Nope! Nope! Nope! Nothing is… but I’ll save that blog post for another day. 😉


  • How big is the world?


Who constitutes “everybody”? I remember breaking down to my best friend one night, telling her that “everybody” hated me. She just rolled her eyes. “7 billion people in the world. So really? Everyone hates you? Everyone?”

Yeah, Lexi, you’re not that special. I could literally move one county over and start all over. This is a big world. I’m a small person. Though this was, at the time, the most pressing issue in my life, it wasn’t the most pressing issue in anyone else’s. It wasn’t even really an issue.




  • Find that love has become easier to give.


Compassion is not a trait we are born with; rather, it is a lesson that we learn. And sometimes it takes some awful life experiences to realize how cruel this world can be. Love despite it. Love because of it. Love because you know what loneliness feels like, what pain feels like. And when you feel like nobody cares about you, plaster on a smile and go care about everyone else. Love pushed outward is a more sustainable goal than love soaked in.  


  • Find that ties have become easier to sever.


Pick your tribe and foster those connections recklessly. Let the rest of the world fall to the wayside. You do not need everybody, and everybody does not need to need you.


  • Learn to put yourself first.


Because there will be times when the only person looking out for you is you. You have to start believing, truly believing, that you are deserving of being a priority. Take care of yourself. Do what you need to do to meet your needs. Love yourself so much that it doesn’t matter if anyone else does.
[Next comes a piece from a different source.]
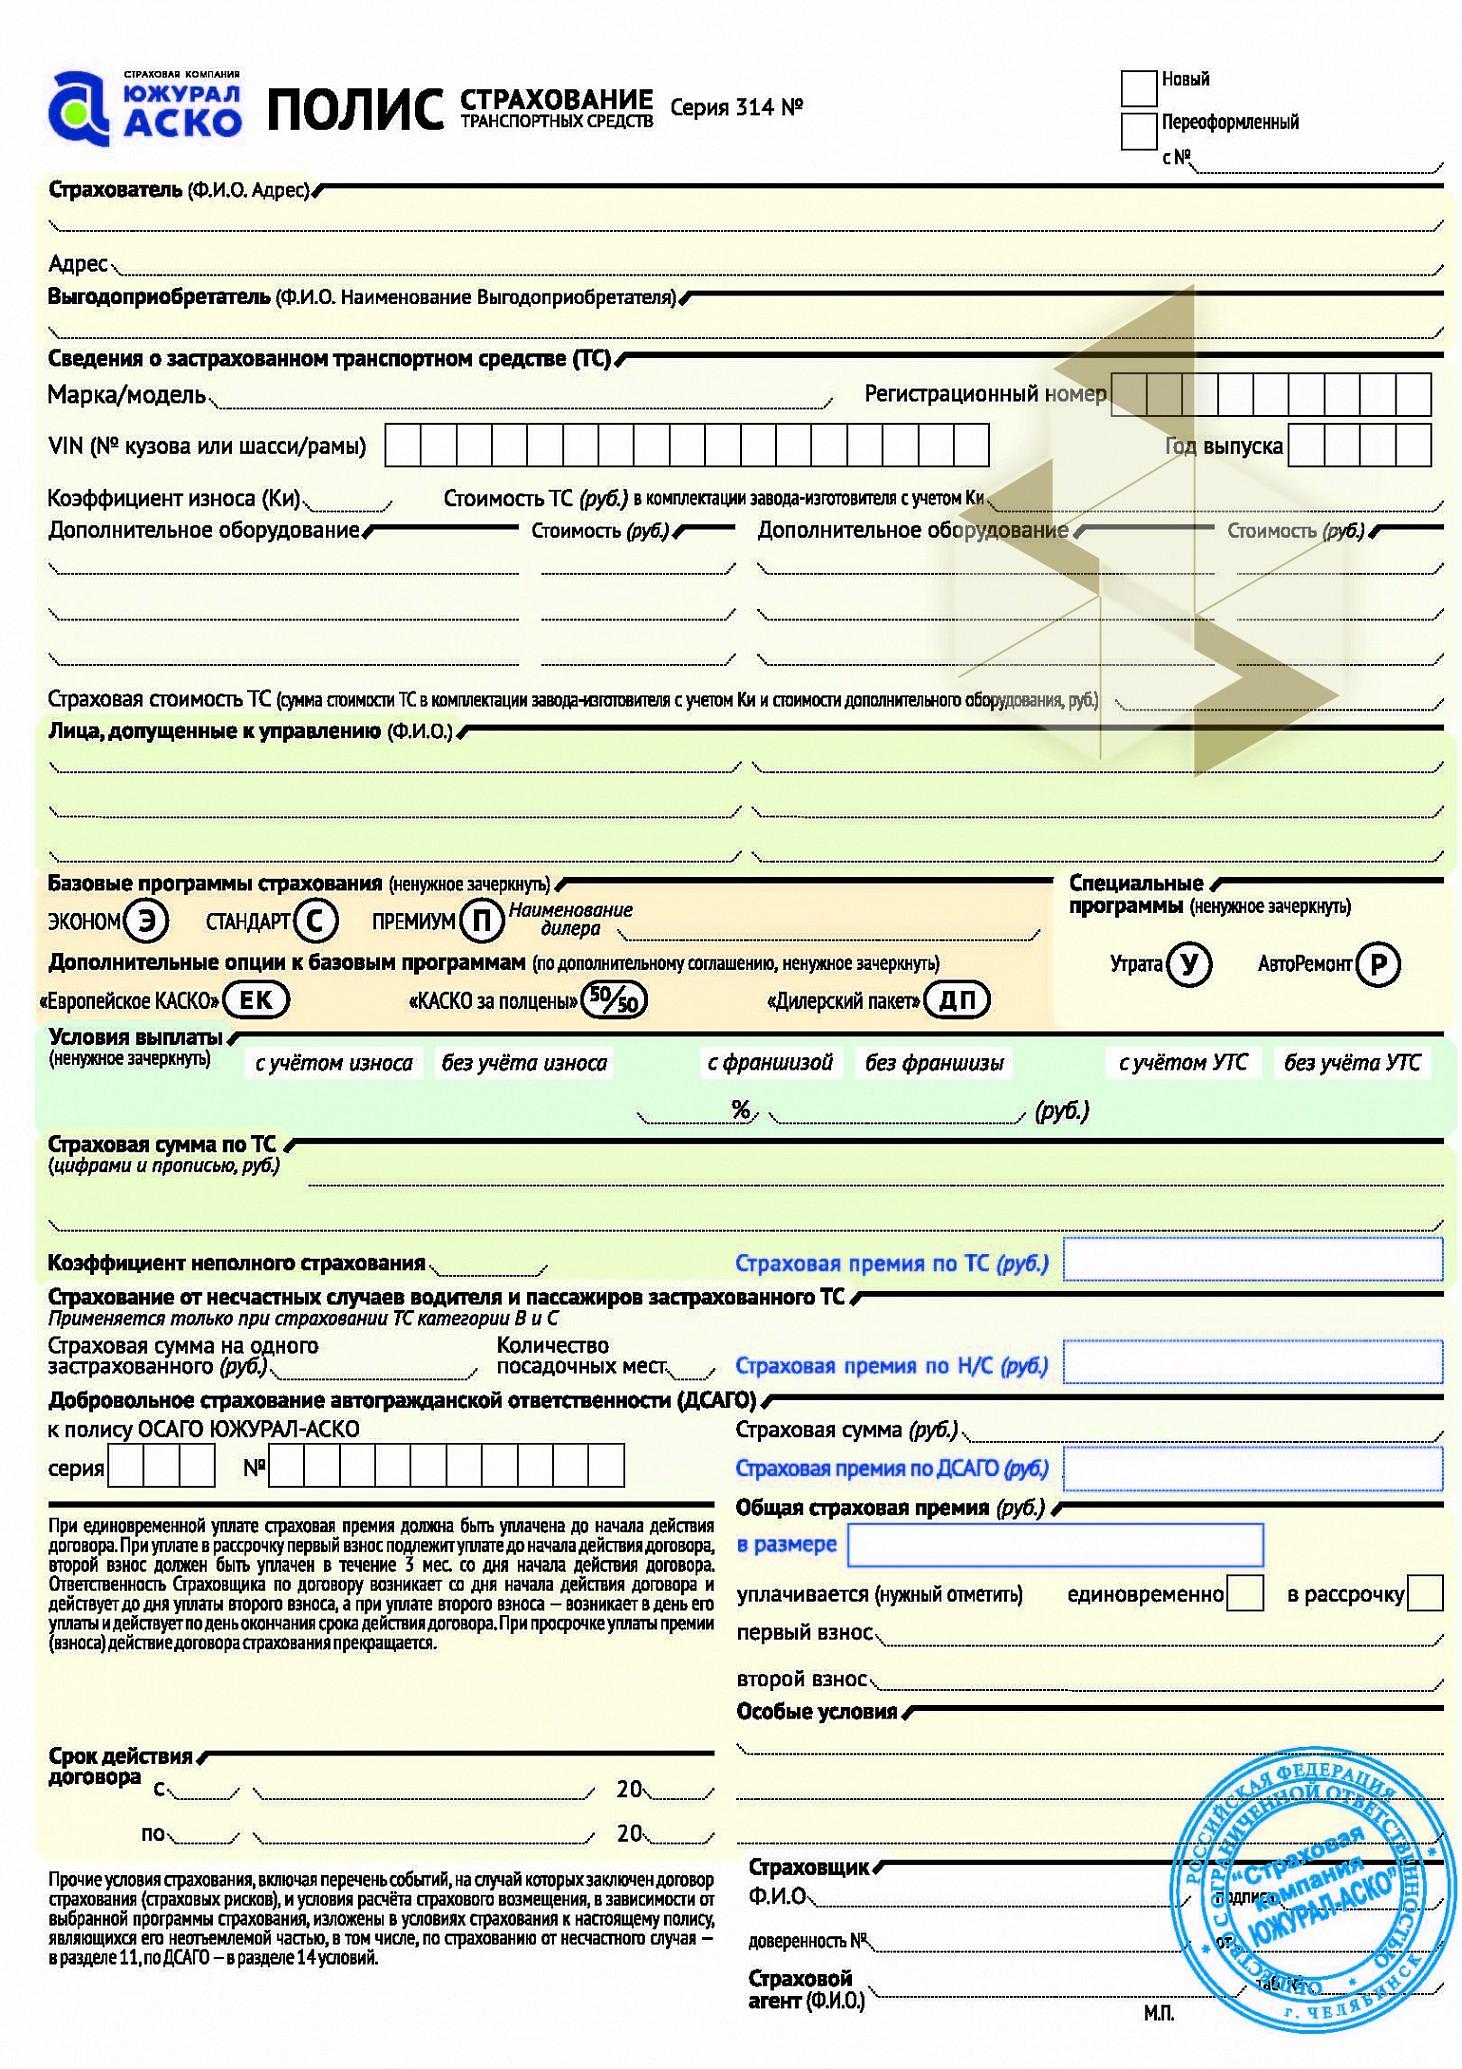 Южураласко страховая компания челябинск официальный сайт фильтр за поведенческие факторы

As Lana del Rey once said, no one is going to take your soul away. So hold it tight.


  • Finally meet your own soul.


Other people think they know you, but do you even know you? Find out. Find you. And then shake hands with yourself and become your own greatest ally. You’ll realize that you are the only person who can know you so deeply, and once you get over how scary that is, you’ll realize how sensational that is.


  • Rise above.


There is never an ounce of regret in being the bigger person. Hang in there and keep your eyes to the sun.


This, too, shall pass.


And you will be better because of it.